Every once in a while, it seems, we need to remind the PR world that we don't want press releases. It says so on our submissions page. We're not joking. However, too many PR folks either think we don't mean it, or don't bother spending enough time on the site to realize we don't want press releases. You think we plan to pay attention to either type of PR spammer? We've had our fair share of posts highlighting stupid PR practices in the past, but (of course) the worst offenders don't actually read this site -- they just spam us. It's not surprising, of course, to find out that we're not alone in feeling this way. Amy Gahran over at E-Media Tidbits is explaining how she's now marking all unsolicited press releases she gets as spam in her Gmail account, which hopefully protects plenty of other Gmail-using journalists from getting future spam from such people. Valleywag has recently pointed out that PR spammers are worse than traditional spammers, because they send you follow up emails to make sure you got the original. What amazes me is that these PR people clearly don't care and don't learn. There are PR people who have spammed press releases to me for years... and I've never replied or written about a single product. Yet, I'm still on the list.

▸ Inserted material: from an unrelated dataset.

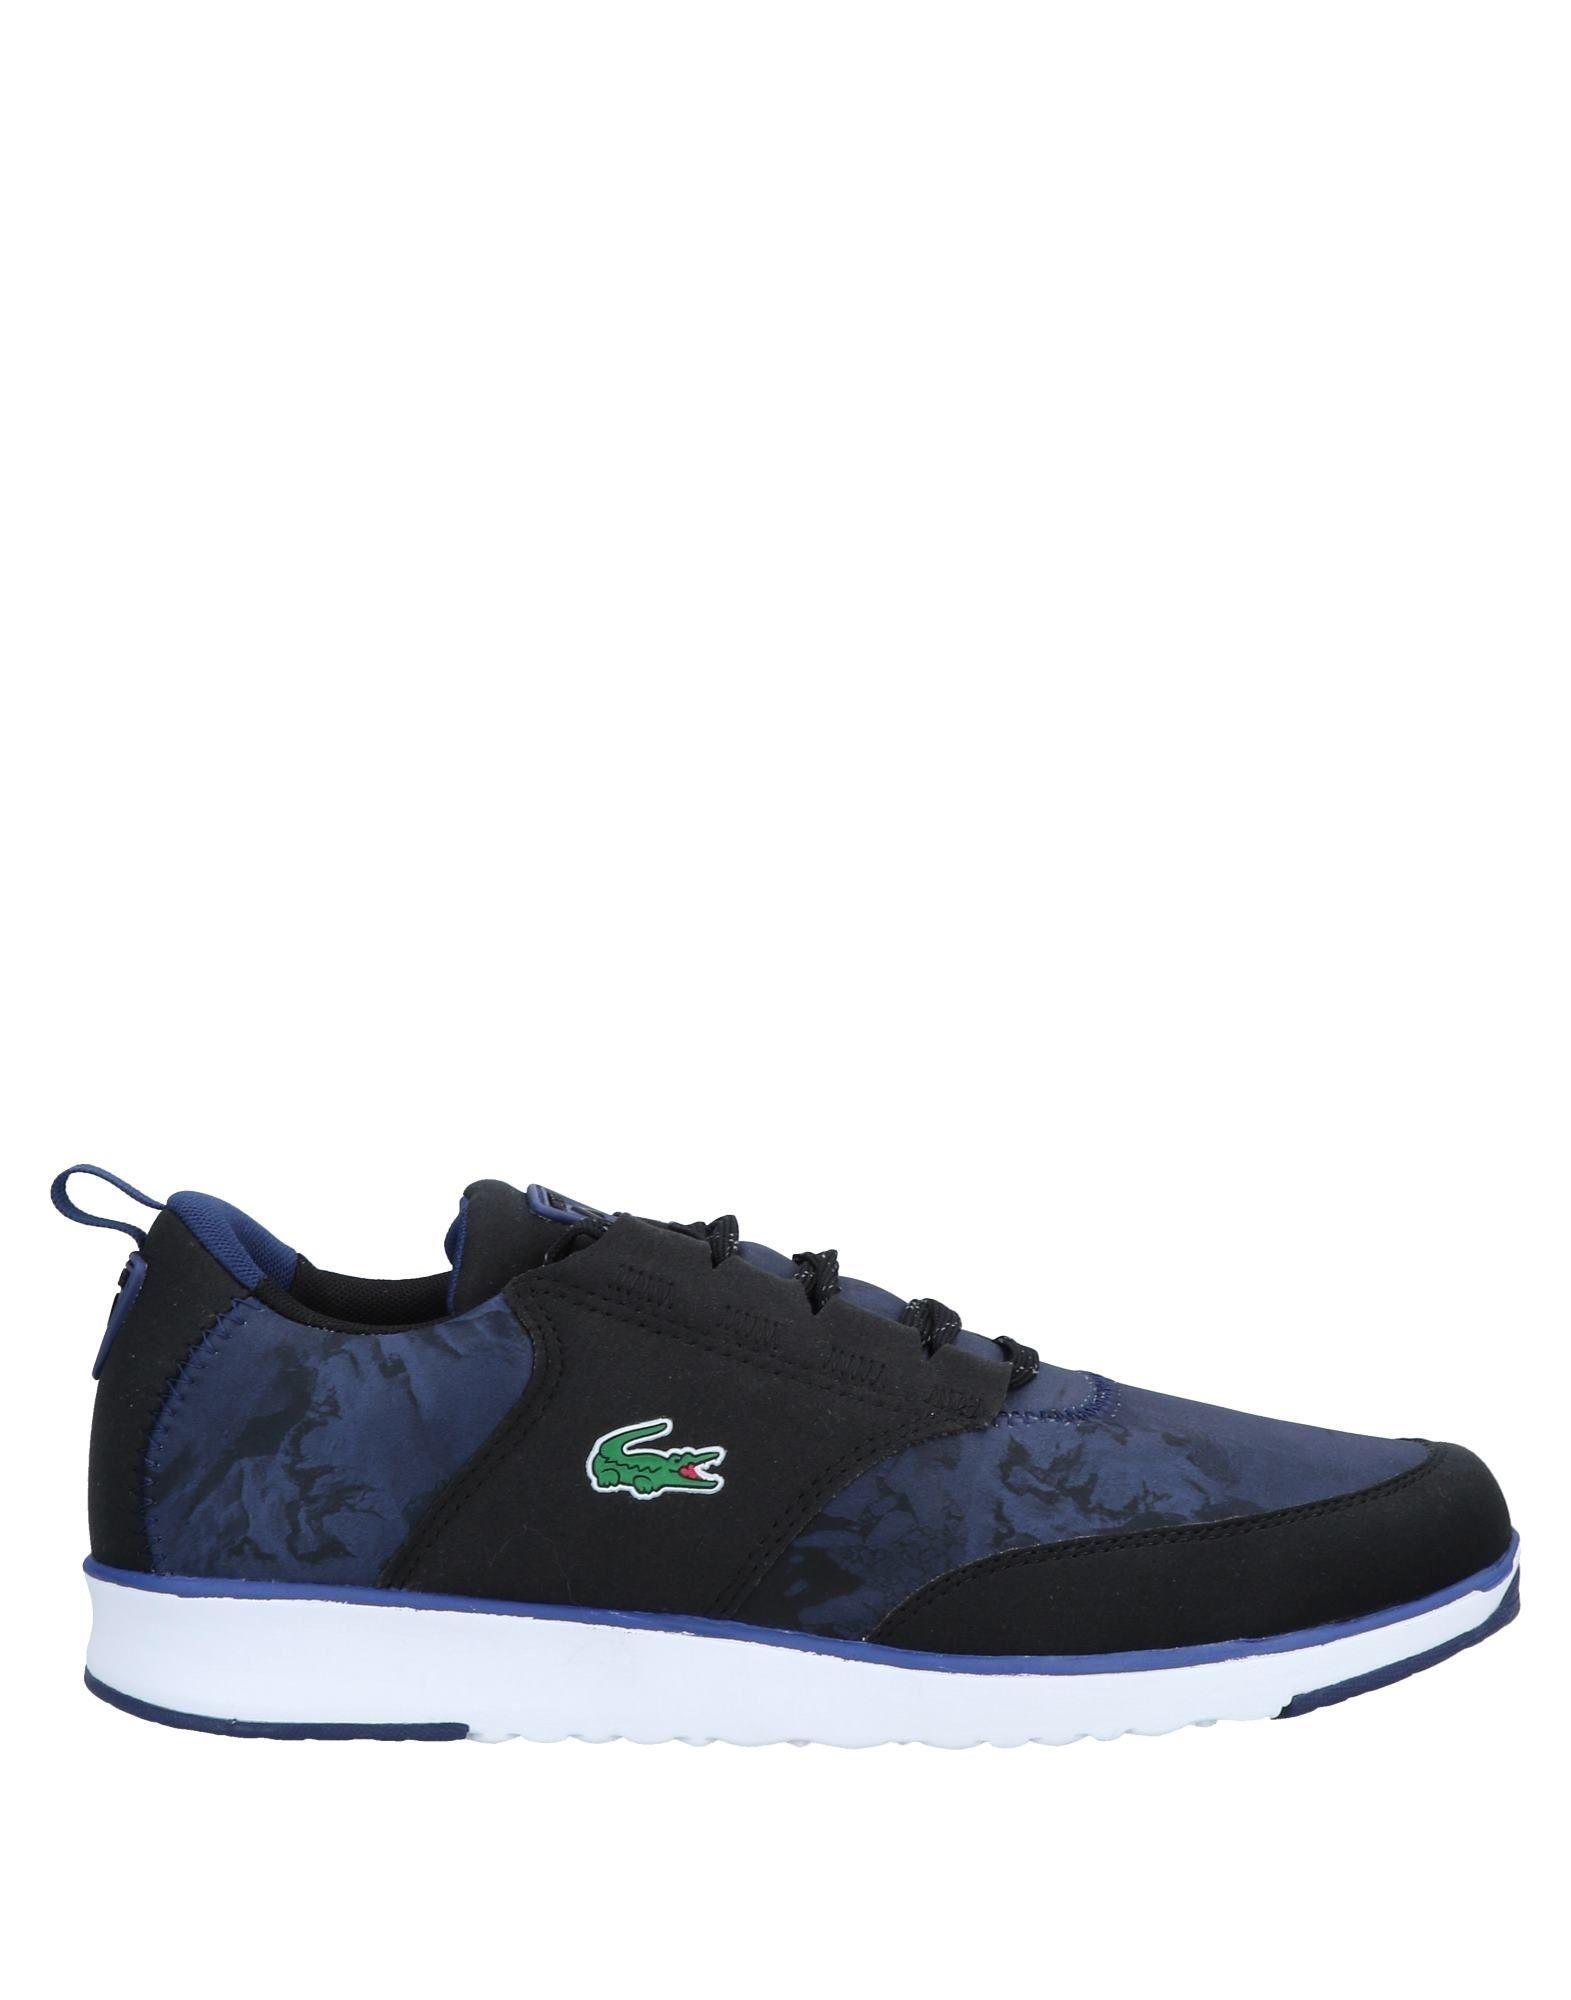 Lacoste Sneakers Sneakers - Men Lacoste Sneakers Lacoste online on  Australia - 11568229TG 0f0257
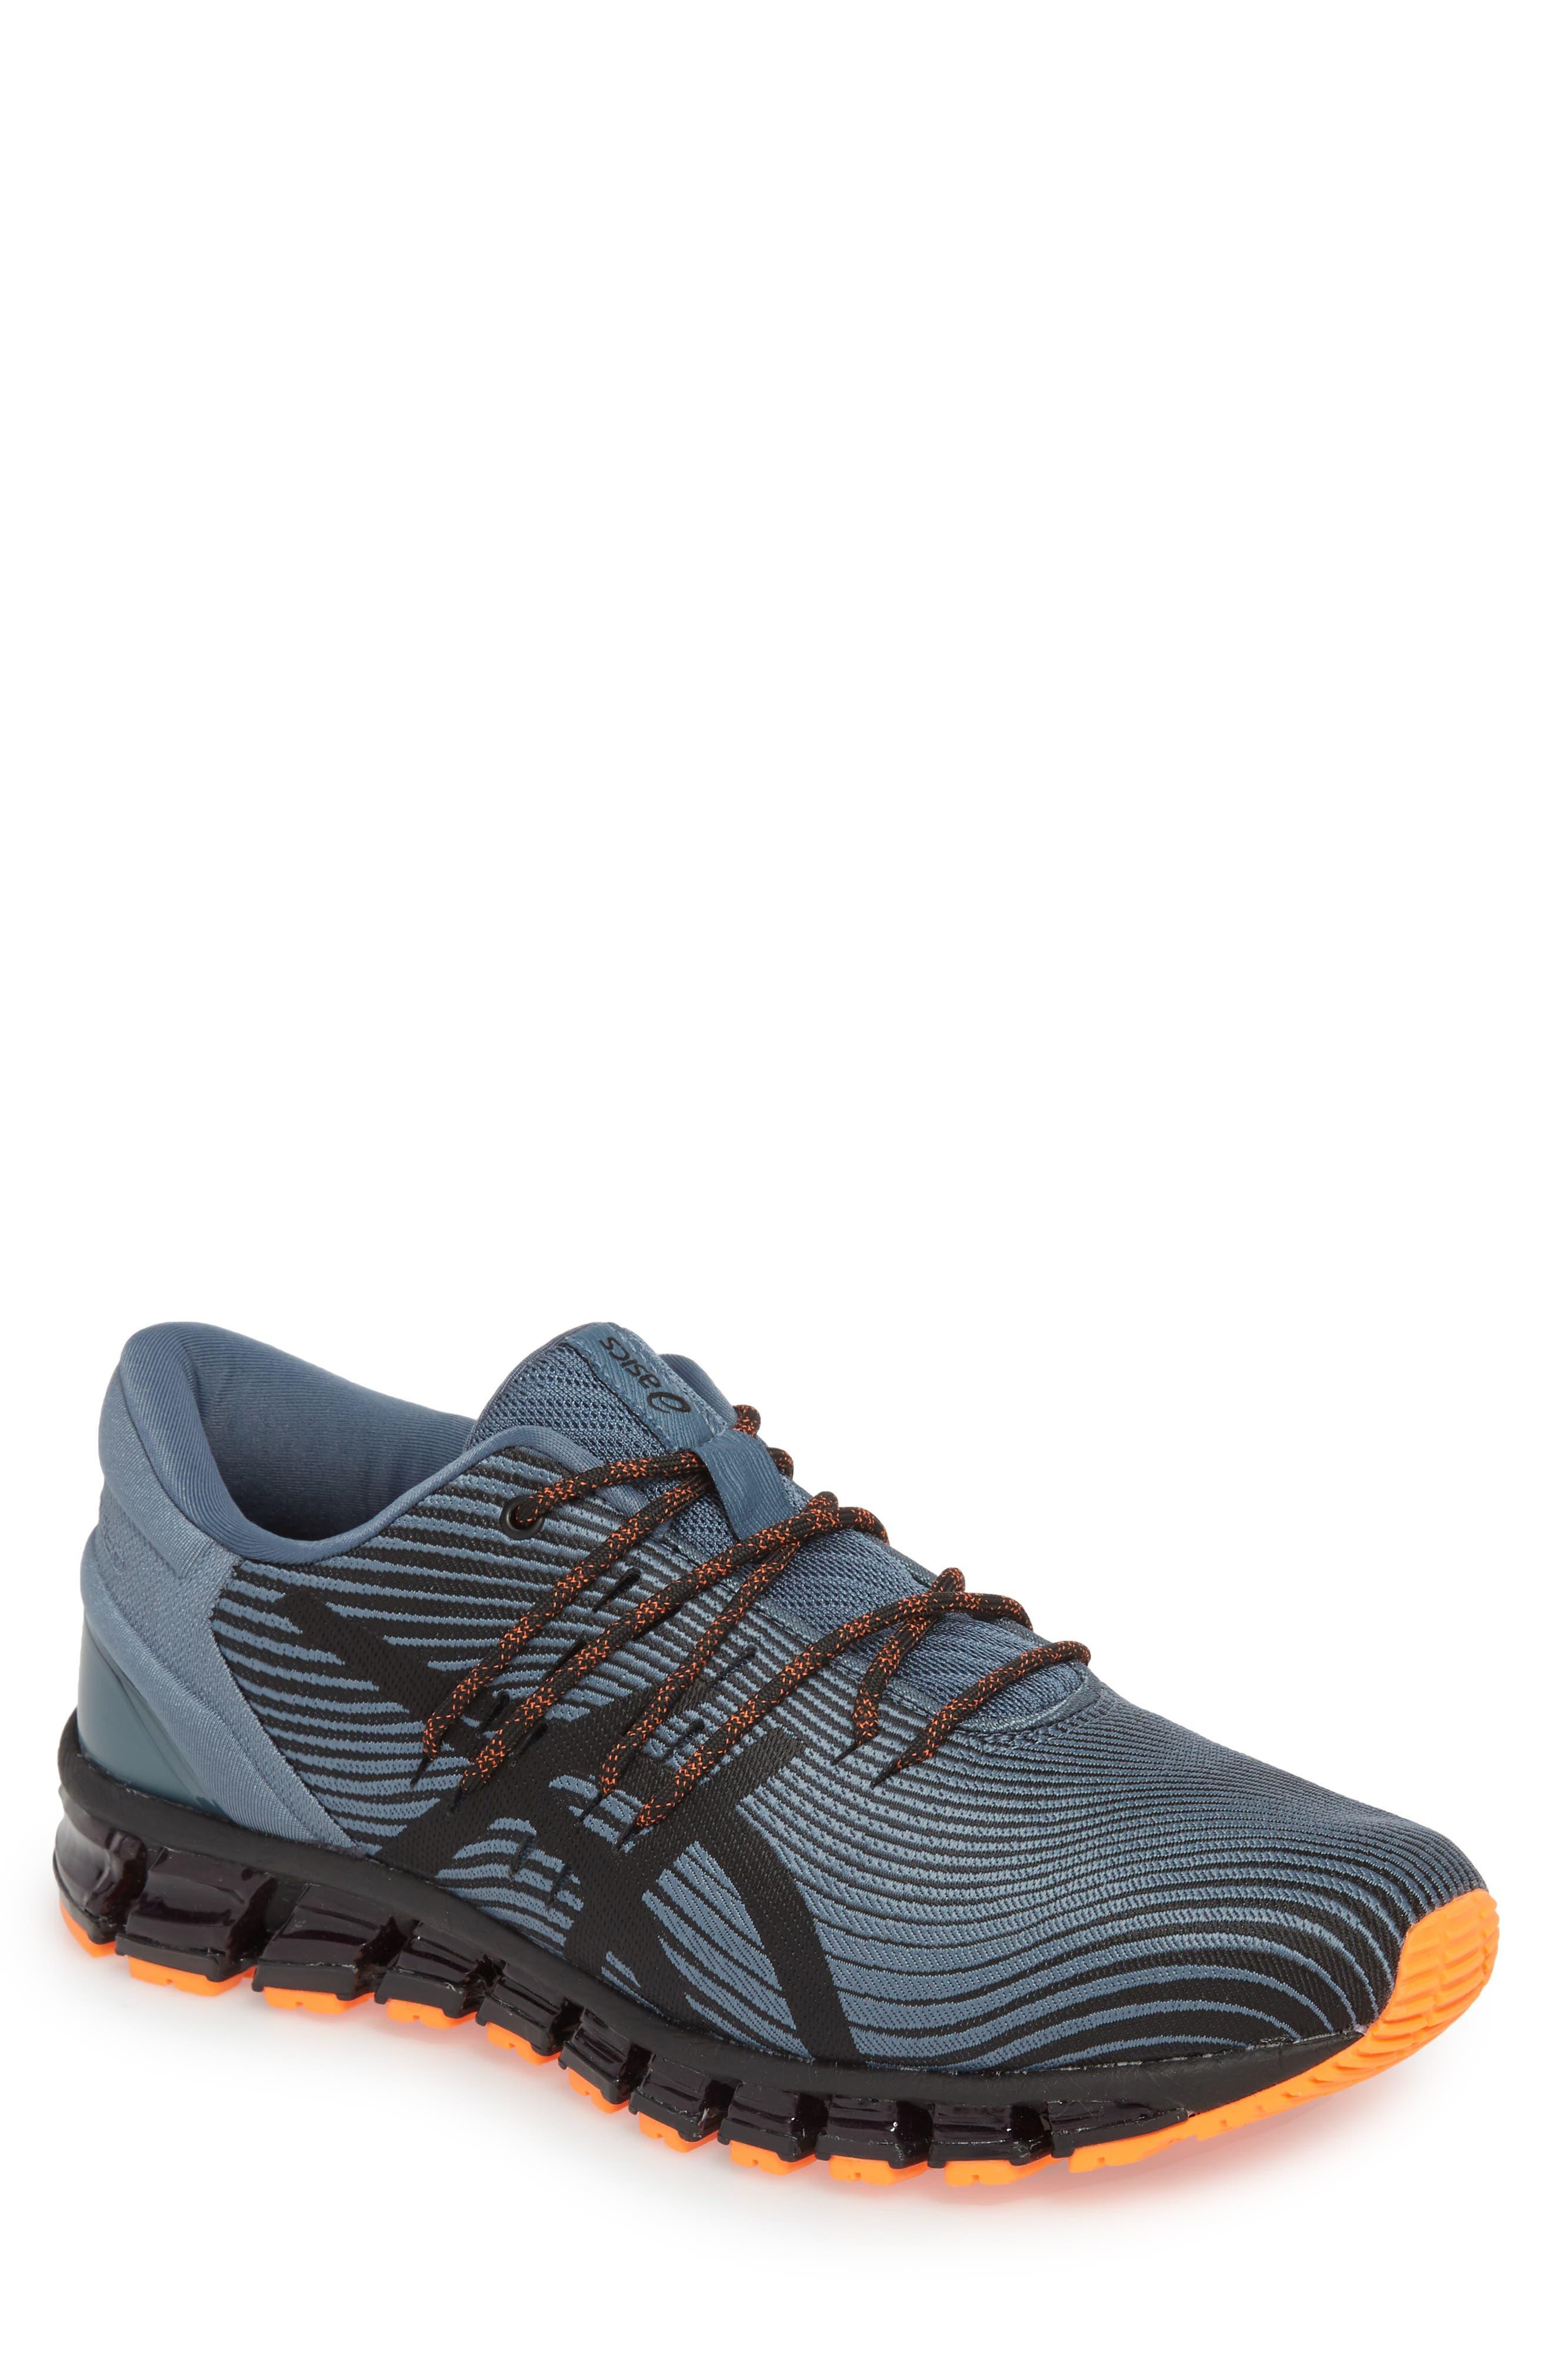 GEL-Quantum 360 4 Running Shoe,                             Main thumbnail 1, color,                             IRON CLAD/ BLACK

I recently did a conference call/interview for an organization that advises PR people, and one of the questions was how to send pitches to Techdirt. The answer was the same way as it is for anyone who wants to submit stories to Techdirt: (1) Read the site. (2) Understand what the hell we talk about (3) Maybe participate on the site in comments (4) Use the submit form (5) Explain to us why whatever your pitching is really interesting to our audience, rather than just claiming its "exciting." Oh yeah, if you claim that the company you're representing is "the leading" company in whatever tiny market you've made up just so you can claim to be leading it... don't even bother. It's unfortunate that we need to put up posts like this every so often, but we're hopeful that sooner or later it will start to sink in.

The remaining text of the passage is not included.